TRIBUNAL JUDICIAIRE DE NIMES

CONTENTIEUX DE LA PROTECTION SOCIALE

Dossier N° : N° RG 24/00555 - N° Portalis DBX2-W-B7I-KSOO

N° Minute : 25/00063

AFFAIRE :

[B] [X] C/ [4]

Notification le :

Copie exécutoire délivrée à [B] [X] et à [4]

Le

Copie certifiée conforme délivrée à : la SELEURL LOUBNA HASSANALY

Le JUGEMENT RENDU LE 23 JANVIER 2025

RÉPUBLIQUE FRANÇAISE Au nom du peuple français

DEMANDEUR

Monsieur [B] [X] demeurant [Adresse 3] [Adresse 7]

représenté par Maître Loubna HASSANALY de la SELEURL LOUBNA HASSANALY, avocats au barreau de NIMES

DÉFENDERESSE

[4] dont le siège social est sis [Adresse 1] [Localité 2]

représentée par Madame [T] [I], selon pouvoir du Directeur par intérim de la [4], Monsieur [P] [E], en date du 28 novembre 2024

Pascal CHENIVESSE président, assisté de Didier CHAPELLIER, assesseur représentant les salariés du Régime Général et de Alain BELMONTE, assesseur représentant les employeurs et travailleurs indépendants du Régime Général, en présence de Sarah ALLALI, greffière, après avoir entendu les parties en leurs conclusions à l'audience du 28 Novembre 2024, a mis l'affaire en délibéré et indiqué que le jugement serait rendu à l'audience du 23 Janvier 2025, date à laquelle Pascal CHENIVESSE président, assisté de Didier CHAPELLIER, assesseur représentant les salariés du Régime Général et de Alain BELMONTE, assesseur représentant les employeurs et travailleurs indépendants du Régime Général, en présence de Sarah ALLALI, greffière, a rendu le jugement dont la teneur suit ;

EXPOSE DU LITIGE

Le 19 avril 2021, la [4] ([5]) a reconnu le caractère professionnel de l’accident dont a été victime Monsieur [B] [X] le 19 mars 2021.

L’état de santé de Monsieur [X] a été considéré consolidé le 28 octobre 2022 par la Caisse.

Le 3 octobre 2023, un certificat médical de rechute a été établi.

Le 30 octobre 2023, la [5] a rejeté la demande de reconnaissance de la rechute conformément à l’avis rendu par son médecin-conseil.

Par courrier du 29 avril 2024, Monsieur [X] a saisi la Commission médicale de recours amiable.

Par décision en date du 22 mai 2024, la Commission médicale de recours amiable a déclaré le recours de Monsieur [X] irrecevable pour forclusion, celui-ci n’ayant pas saisi la Commission dans le délai de 2 mois.

Par recours reçu le 12 juillet 2024, Monsieur [X] a saisi le pôle social du tribunal judiciaire de Nîmes.

L’affaire a été appelée à l’audience du 28 novembre 2024.

Monsieur [X], représenté par son conseil, sollicite notamment que soit ordonné une expertise médicale pour évaluer son état de santé et de constater qu’il justifie la qualification d’une rechute.

La [6], représentée par une de ses salariés, sollicite notamment que soit prononcé l’irrecevabilité du recours formé devant la commission médicale de recours amiable et, à titre subsidiaire, le rejet des demandes de Monsieur [X].

La décision a été mise en délibéré au 23 janvier 2025.

MOTIFS DE LA DÉCISION

Aux termes de l’article R142-1-A III du Code de la sécurité sociale, « s’il n’en est disposé autrement, le délai de recours préalable et le délai de recours contentieux sont de deux mois à compter de la notification de la décision contestée.
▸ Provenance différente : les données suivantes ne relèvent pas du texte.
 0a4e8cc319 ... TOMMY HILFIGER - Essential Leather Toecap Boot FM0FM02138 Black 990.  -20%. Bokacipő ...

Ces délais ne sont opposables qu’à la condition d’avoir été mentionnée, ainsi que les voies de recours, dans la notification de la décision contestée, ou en cas de décision implicite, dans l’accusé de réception de la demande ». .
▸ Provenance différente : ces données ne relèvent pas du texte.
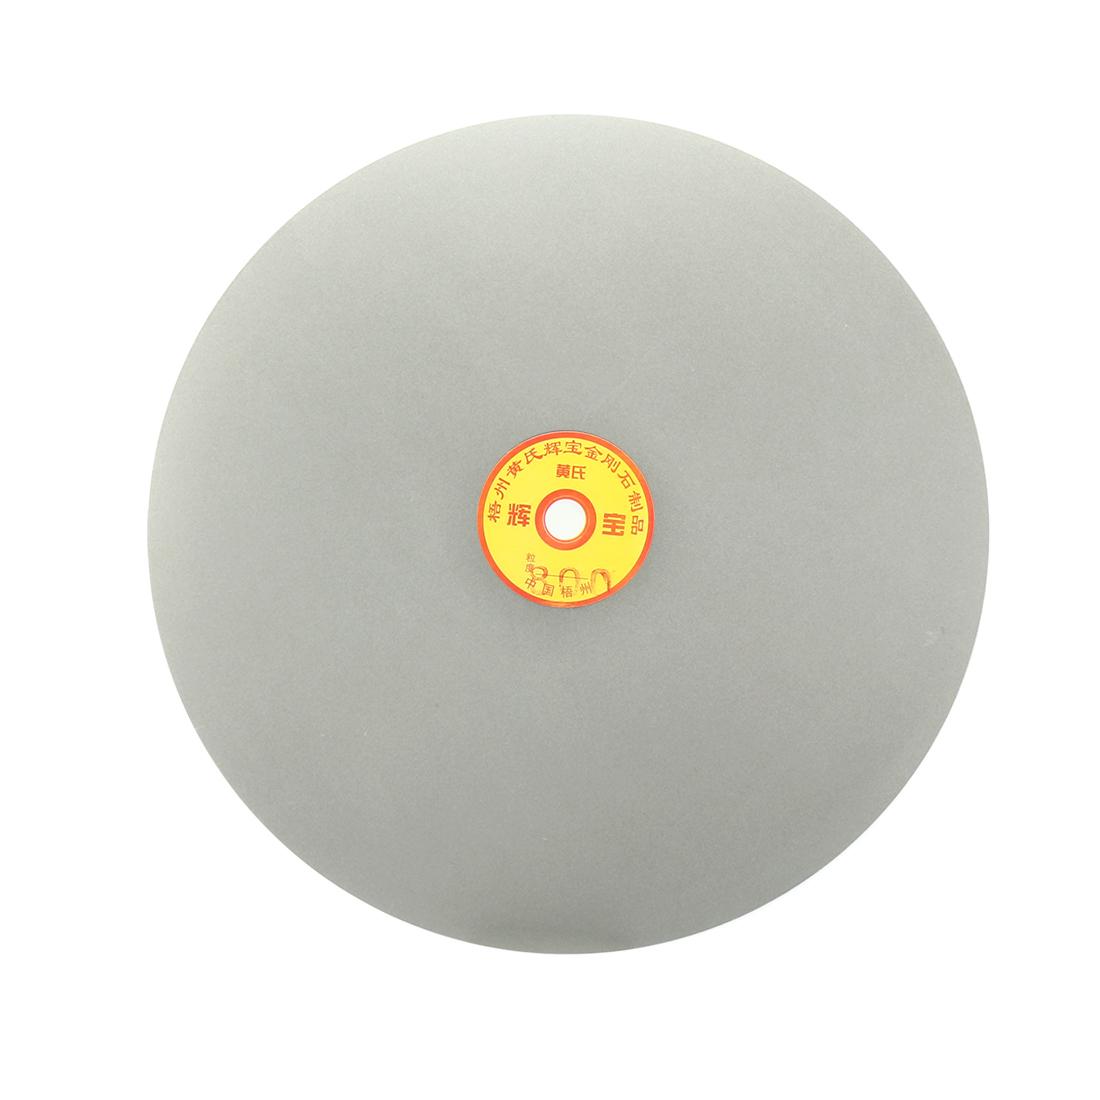 250mm 10-inch Grit 800 Diamond Coated Flat Lap Disk Wheel Grinding Sanding Disc

La décision de la [6] du 30 octobre 2023 mentionne la possibilité de déposer un recours devant la commission de recours amiable dans les deux mois suivant la réception de la dite décision.
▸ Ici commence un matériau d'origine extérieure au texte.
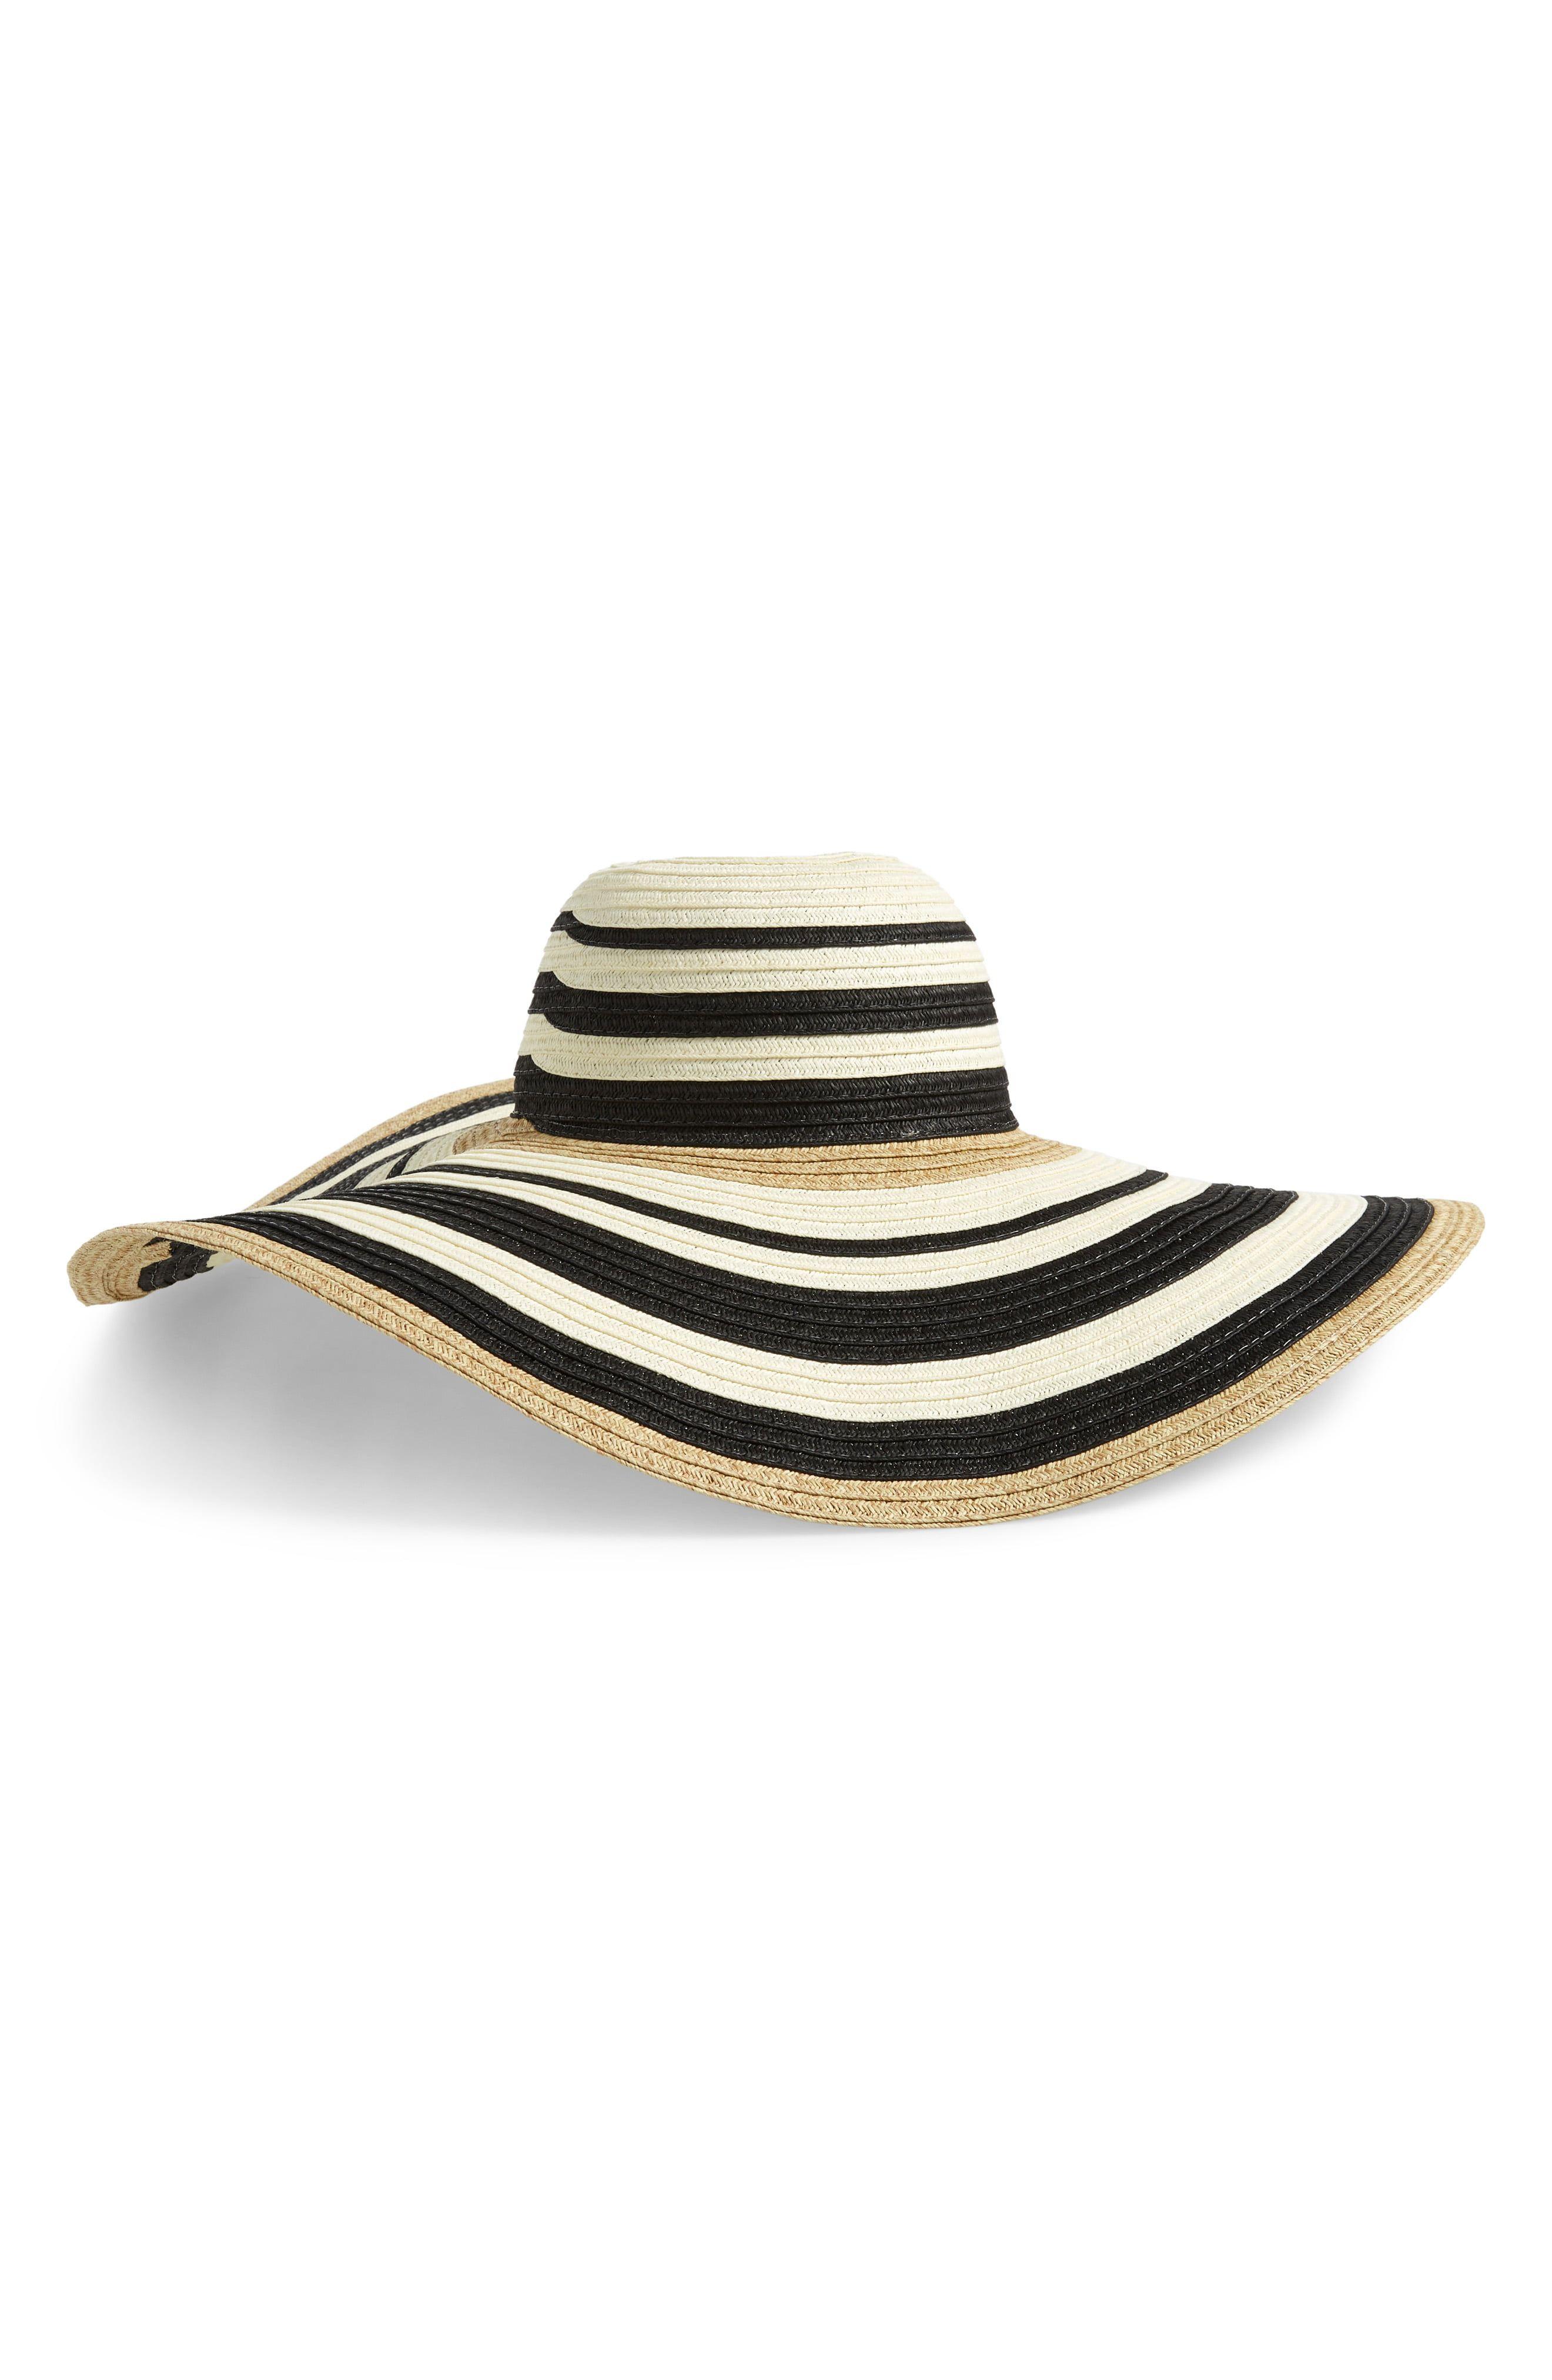 28c41efa 7 Best Summer Hats - Stylish Sunhats

La [5] produit un avis de présentation en date du 3 novembre 2023 et un avis de distribution en date du 23 novembre 2023.

La décision de la commission de recours amiable en date du 22 mai 2024 indique que le recours de Monsieur [X] a été reçu le 29 avril 2024 et reçu le 3 mai 2024, ce qui n’est pas contesté par Monsieur [X].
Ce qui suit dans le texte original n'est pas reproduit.